I’m using “Custom Deployment” option because our web server “SunOne WebServer 6.1” is not supported by MyEclipse.
Any pointers or is this how it should work? It takes several minutes to redeploy everything over the network.
Thanks,
GJ
gjeudyMemberAlso I’d like to add that I manually copied back alot of files that were originally in my web app dir (css, html, js) and that I’m not willing to include in the eclipse web project for the moment because we are still evaluating your product.
Maybe that action triggered a full redeploy of the web-app when I added a test JSP file to my web project. Just a thought.
Regards,
GJ
Riyad KallaMemberThe hot syncing will only replace files that exist in your project and do not match in your deployment (time stamp). So if you added a new JSP, it will get deployed, if you changed a CSS file, it will get deployed, if you changed a single Java file, it’s class will get deployed. It won’t trigger a full redeployment, I don’t know why you saw that unless you used the “redeploy” button in the deployment tool to explicitly cause it to redeploy everything.
gjeudyMember1./ Does the hot syncing occur automatically whenever a file is modified and or created ?
2./ The full redeployment consistently occurs when other files are copied to the deployment dir by other means that the ‘MyEclipse’ IDE, then when a new file is created or modified in ‘MyEclipse’ it performs a full redeploy. If I manage all files from ‘MyEclipse’ the update works as expected and doesn’t replace everything.

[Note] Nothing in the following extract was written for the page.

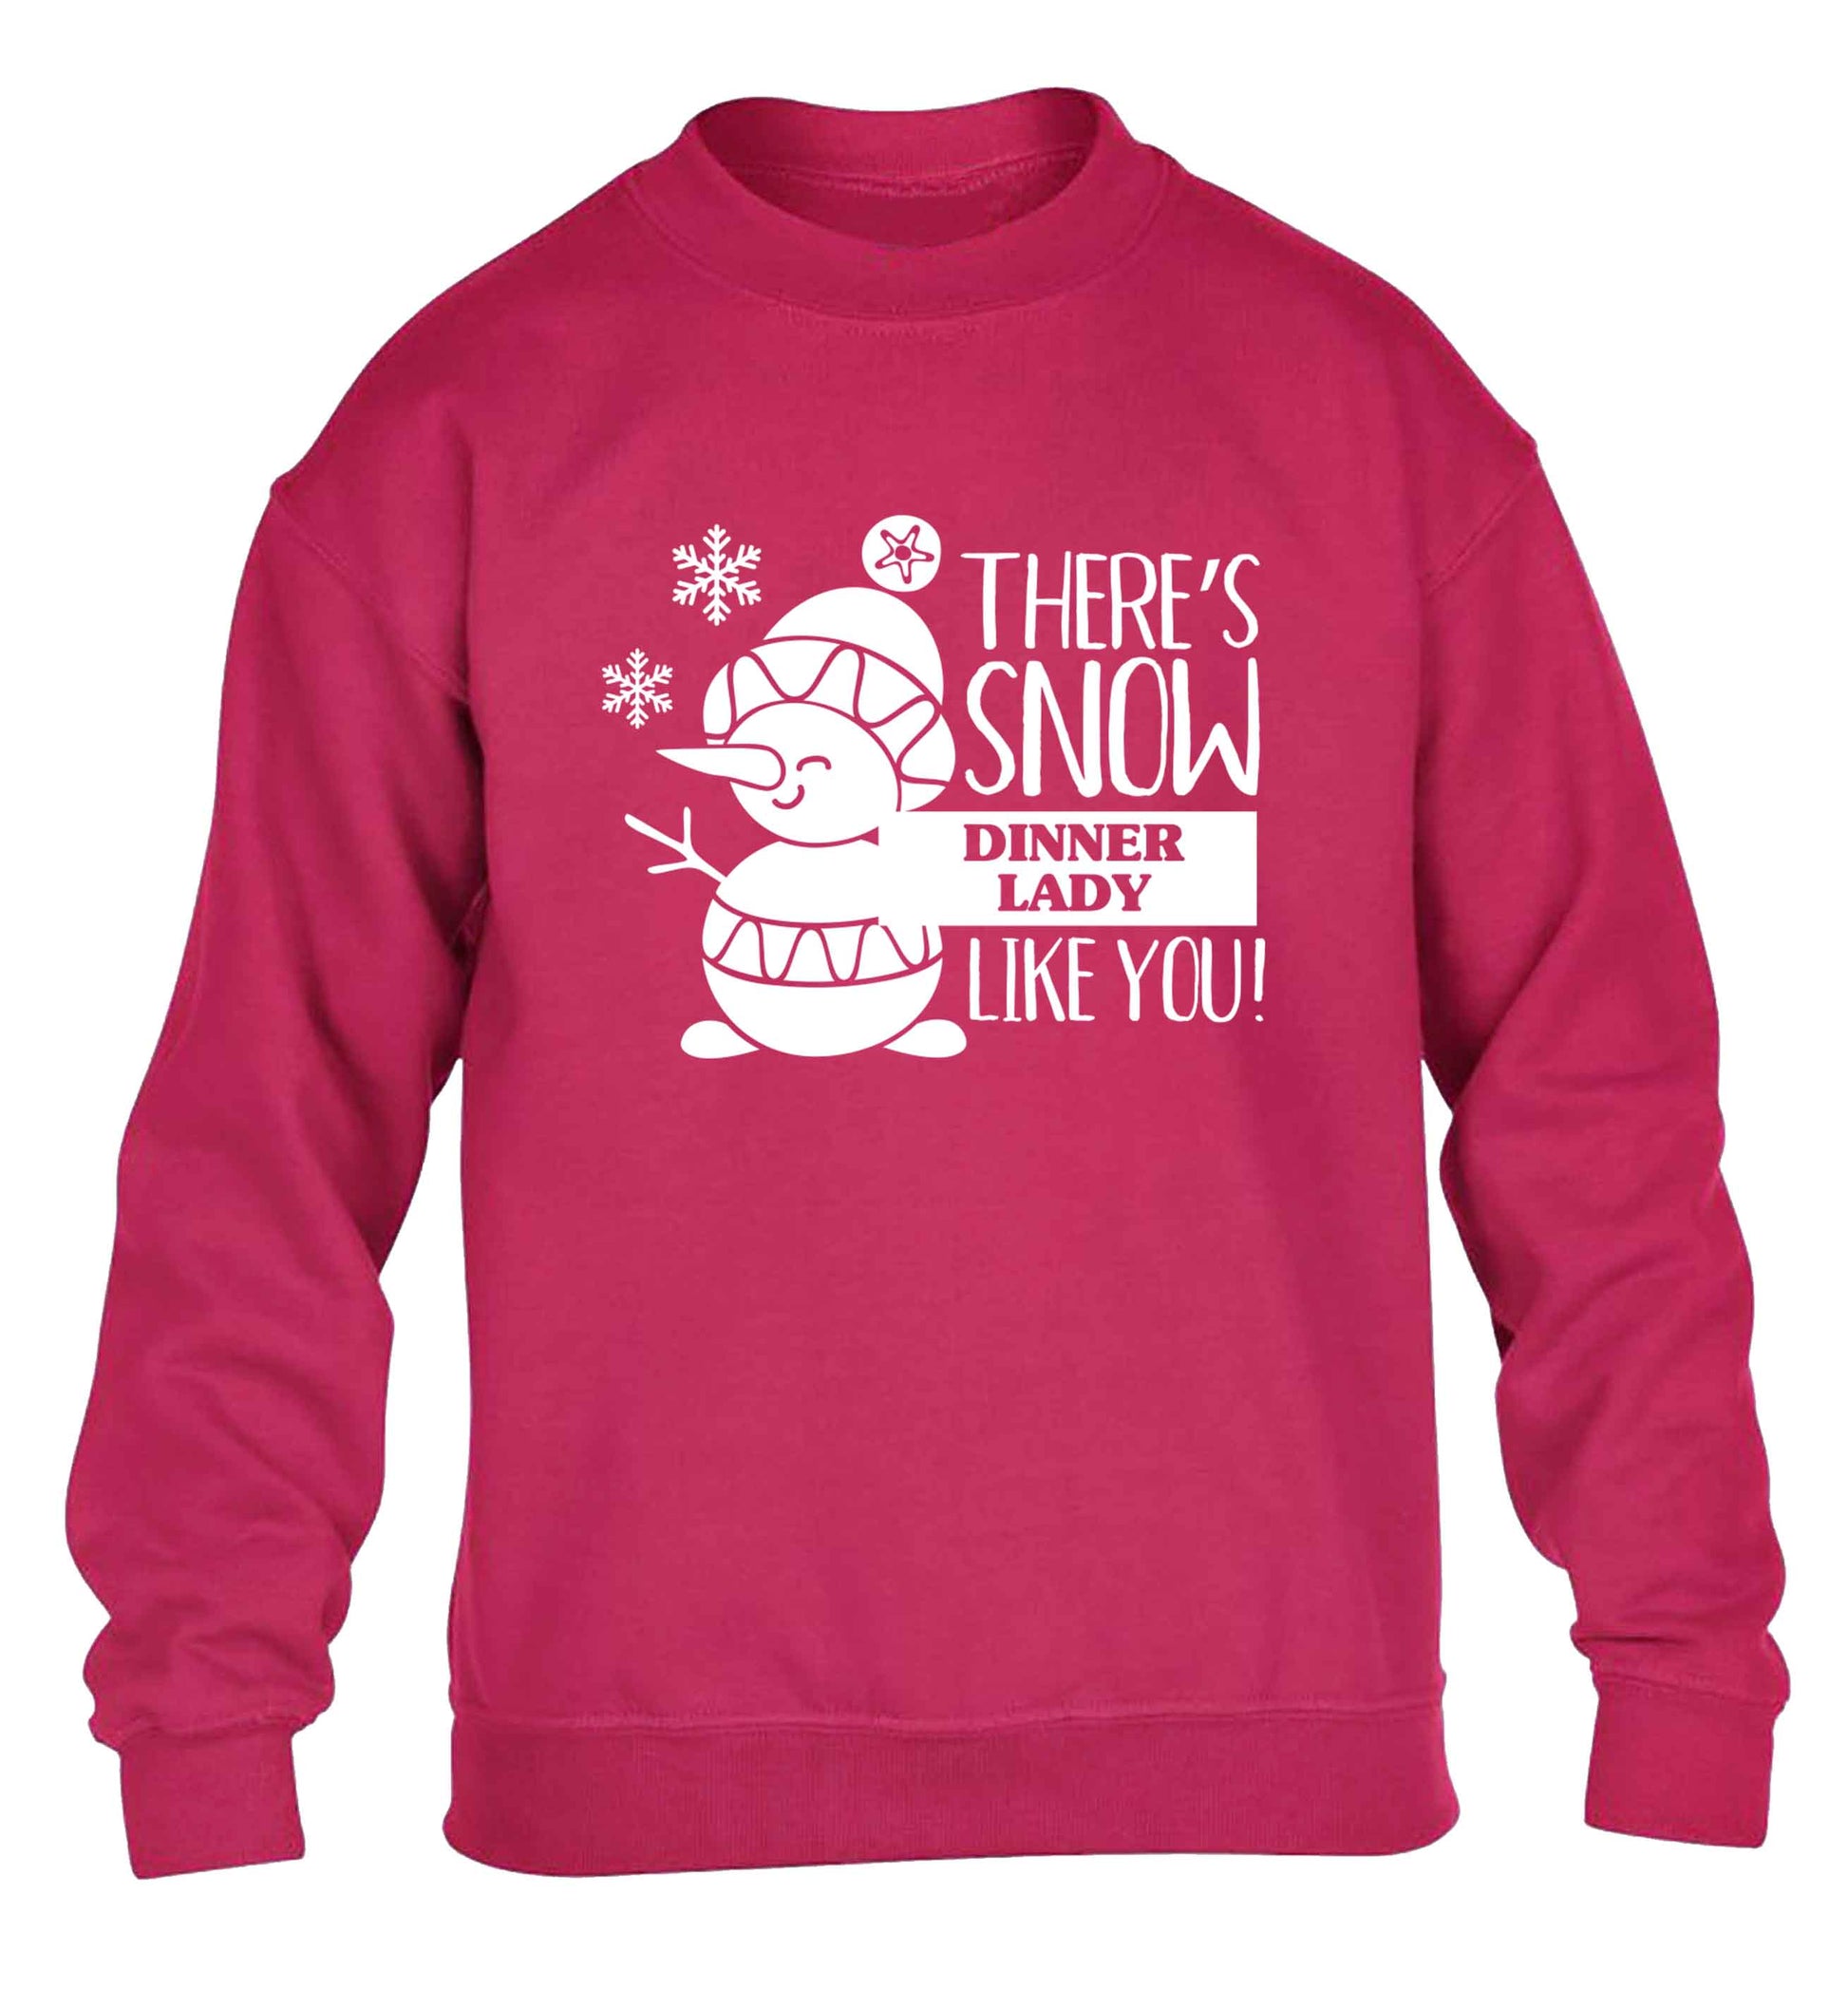 There's snow dinner lady like you children's pink sweater 12-13 Years

Solution: From what I’ve seen, it is not recommended to tamper with the ‘deployment’ dir outside of the ‘MyEclipse’ IDE. I’ll have to integrate every single files in the project.
Guillaume Jeudy
Riyad KallaMember1) If automatic build (Project menu) is turned on, then yes. On every save it is synced.
2) Strange…
gjeudyMemberUpdate:
As with most applications we have a dev environment & prod env. Considering the way the ‘Hot Sync’ works we would modify, develop the application with a ‘hot-synced’ deployment on our dev server, which is fine for development purposes.
However, a problem occurs when we want to deploy changes to the production environment.
1./ We can’t use the deploy feature in the production environment unless we delete the deployment dir manually beforehand. (not very handy)
2./ Even if we use the deploy feature, we don’t want the ‘hot-sync’ feature to be active for our production environment. (Imagine untested code accidently ending up in production and screwing everything up).
Our requirements can’t seem to be consistently met by ‘MyEclipse’. Ideally we would need a button ‘Synchronize Web Project’ which will identify changes and let us approve the sync beforehand. (Similar to the Team CVS Synchronize Repository feature built-in Eclipse).
Current Workaround: Manually copy changes to the production environment (error-prone).
Regards,
Guillaume Jeudy
Riyad KallaMemberWhy not use File > Export > J2EE War File, for production machine every time you want to deploy the production version?